Lee still struggles to reconcile with the two sides of Fujita. On the one hand, he was an engineer, a mathematician and a workhorse in his photography. On the other hand, he was “this deep soul who was looking for poetry, for these small little tanka poems that speak with a deep voice that bloom and grow the more you read them.”
“I think in one sense there’s a little bit of sorrow and heartbreak because when you look at it, there’s really these tragic events that he captured,” such as the sinking of the SS Eastland in the Chicago River and the 1919 Race Riots. “All those things just cut him to the quick. Those were heartbreaking events to capture and it was his job to be there and capture that. Obviously it was just heartbreaking for him, and maybe that fueled his need to resolve that through his poetry.”
On February 1, about 30 people gathered at the Japanese American Service Committee in Chicago to celebrate the launch of the “Jun Fujita: Oblivion” catalog, as well as to hear from a panel of Fujita scholars like Lee, journalist Takako Day, DePaul University professor Nobuko Chikamatsu, as well as Litwin and Sasaki.
Chikamatsu found this gathering of different people interested in studying Fujita to be incredibly helpful. “We can bring each of our strengths and knowledge together so we can find out more, and that’s wonderful,” said Chikamatsu.

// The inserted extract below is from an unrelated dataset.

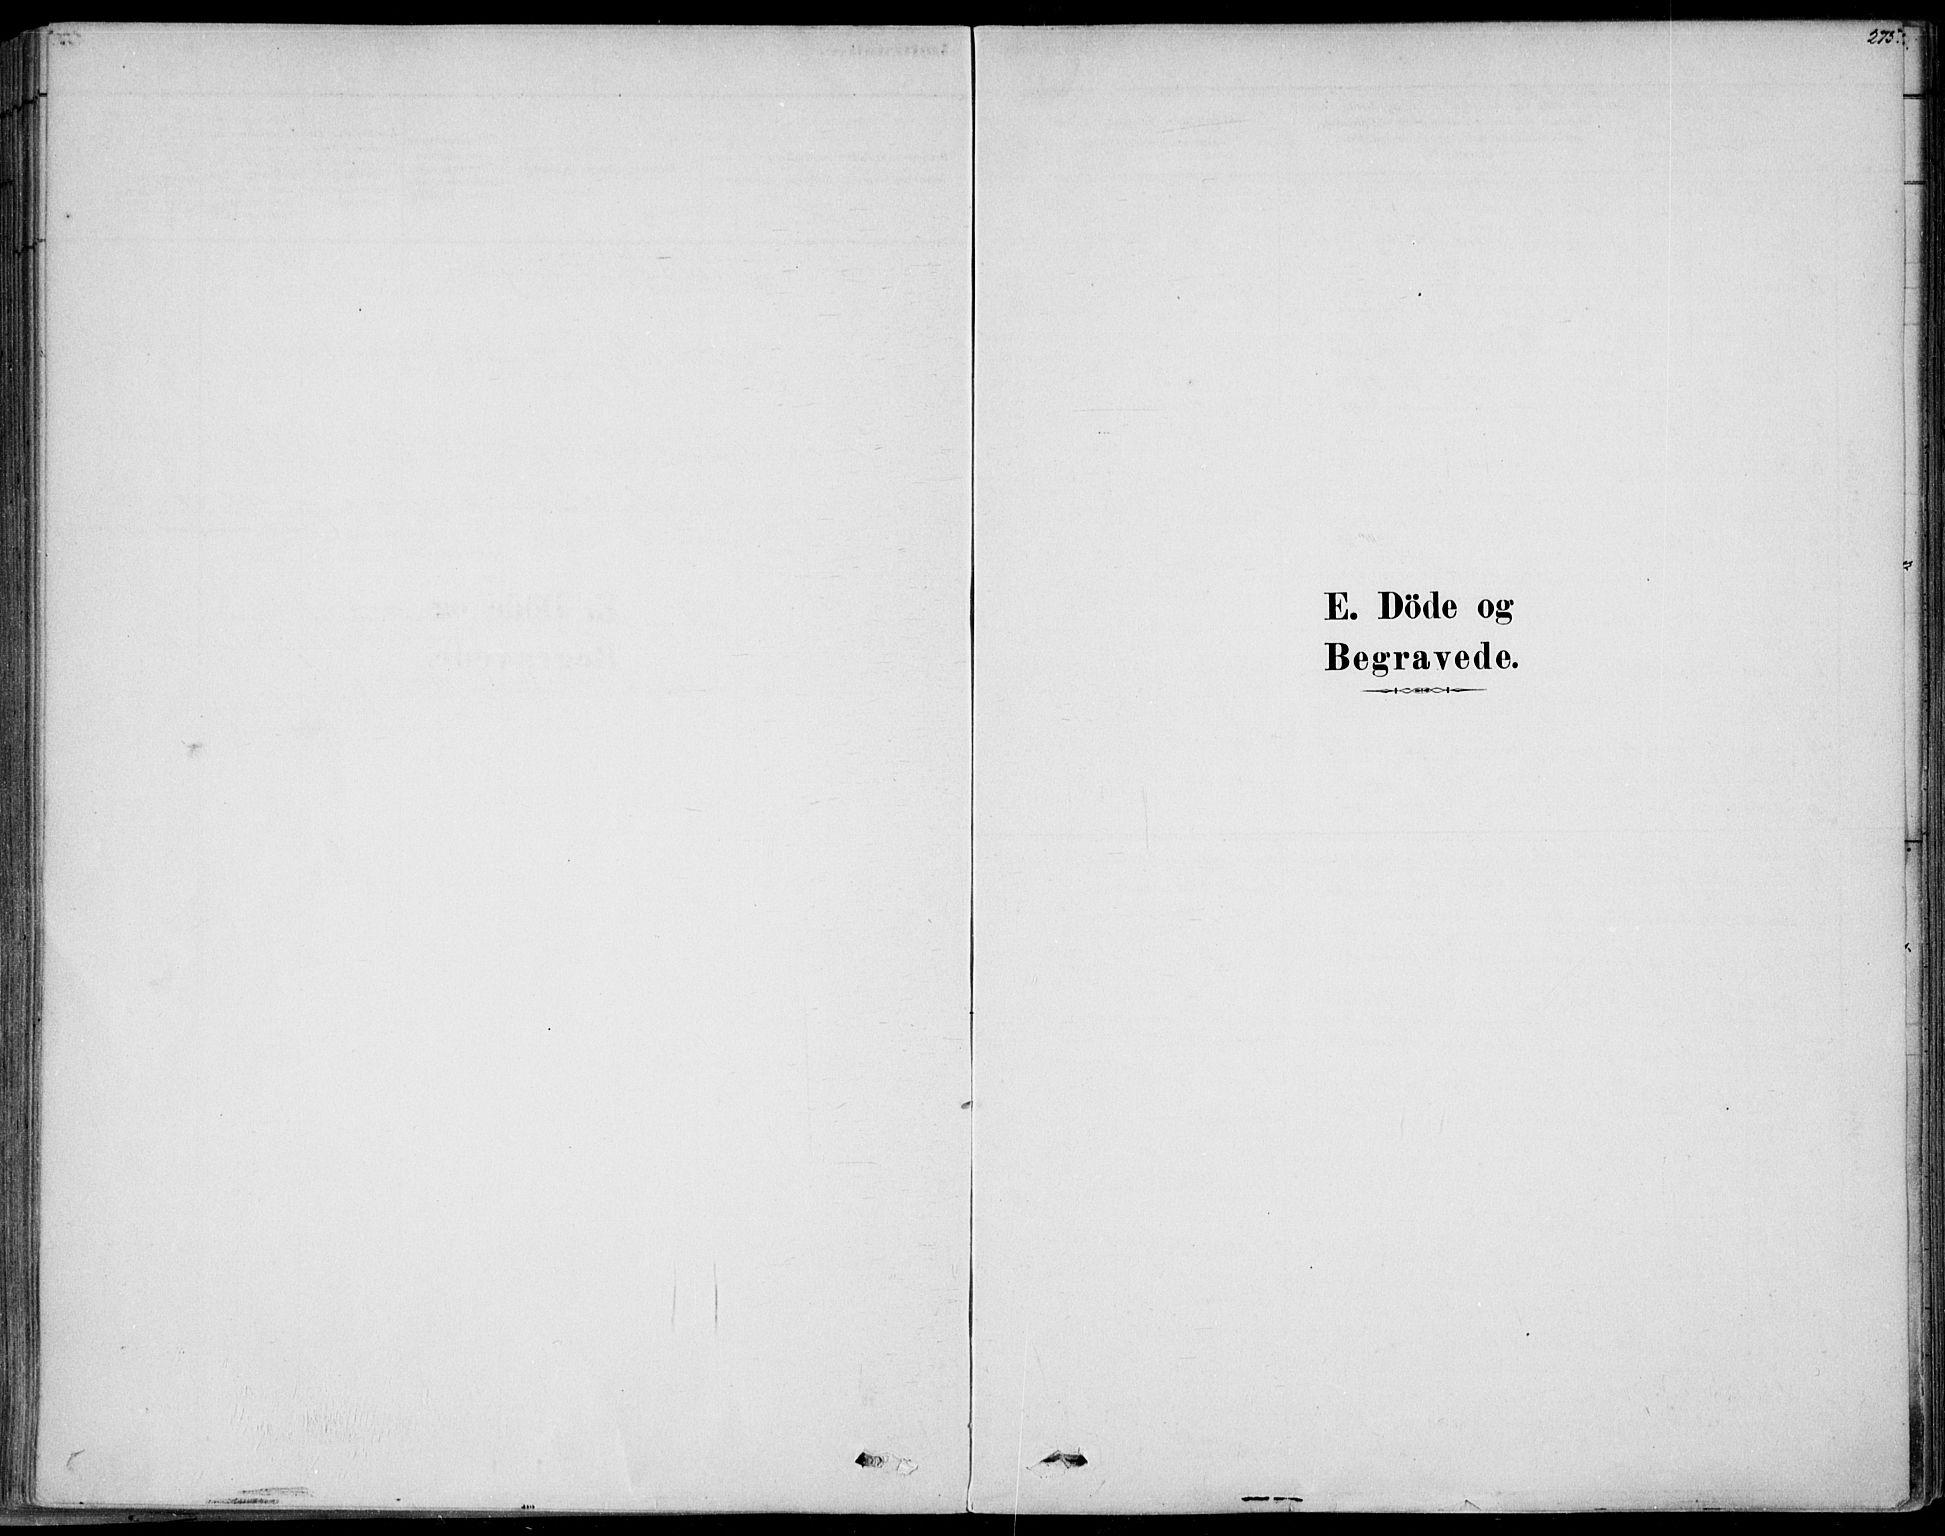 SAKO, Sem kirkebøker, F/Fb/L0004: Ministerialbok nr. II 4, 1878-1891, s. 275

After studying Fujita, Chikamatsu believes he represents something hopeful for first-generation immigrants. “I think for many of us, there’s this experience of being kind of a misfit in our own native community,” she said. “But [I] was given the opportunity to study and graduate here, and I can never thank enough for that. That’s why I’m teaching now at DePaul.”
“I think we are misfit[s], but the U.S. kind of saved us and gave us opportunity and I think Jun was somebody like that,” said Chikamatsu. “He really broke this stereotype of what Asian-American could be.”
The catalog launch was full of celebrations and discussions of Fujita’s life, as well as new discoveries from the convergence of different experts. For instance, Lee says that Fujita always claimed to be the descendant of a samurai family. As a Japanese-American, Sasaki said his family also had this personal legend. Once Day heard about this, she took a look at Fujita’s birth certificate and confirmed to the two of them that he absolutely was not a samurai. According to Lee, it’s unclear why this myth was perpetuated or if Fujita himself even played up the stereotype. But for some reason he allowed the legend of the “Samurai Fujita” to persist.
Fujita was a man of contradictions. He destroyed the perception of what a Japanese-American was and wasn’t able to accomplish — and he was punished for it with discrimination rooted in fear. He was famous for his photography, yet shunned it in favor of poetry. He was beloved by his adopted city but eyed with suspicion by his adopted country.
Widespread knowledge of Fujita may have faded from history, but the memory of him remains in those attracted to the magnetism of the man who shot Capone.
The Poetry Foundation recently published a catalog entitled “Jun Fujita: Oblivion” featuring works shown in the 2017 exhibition.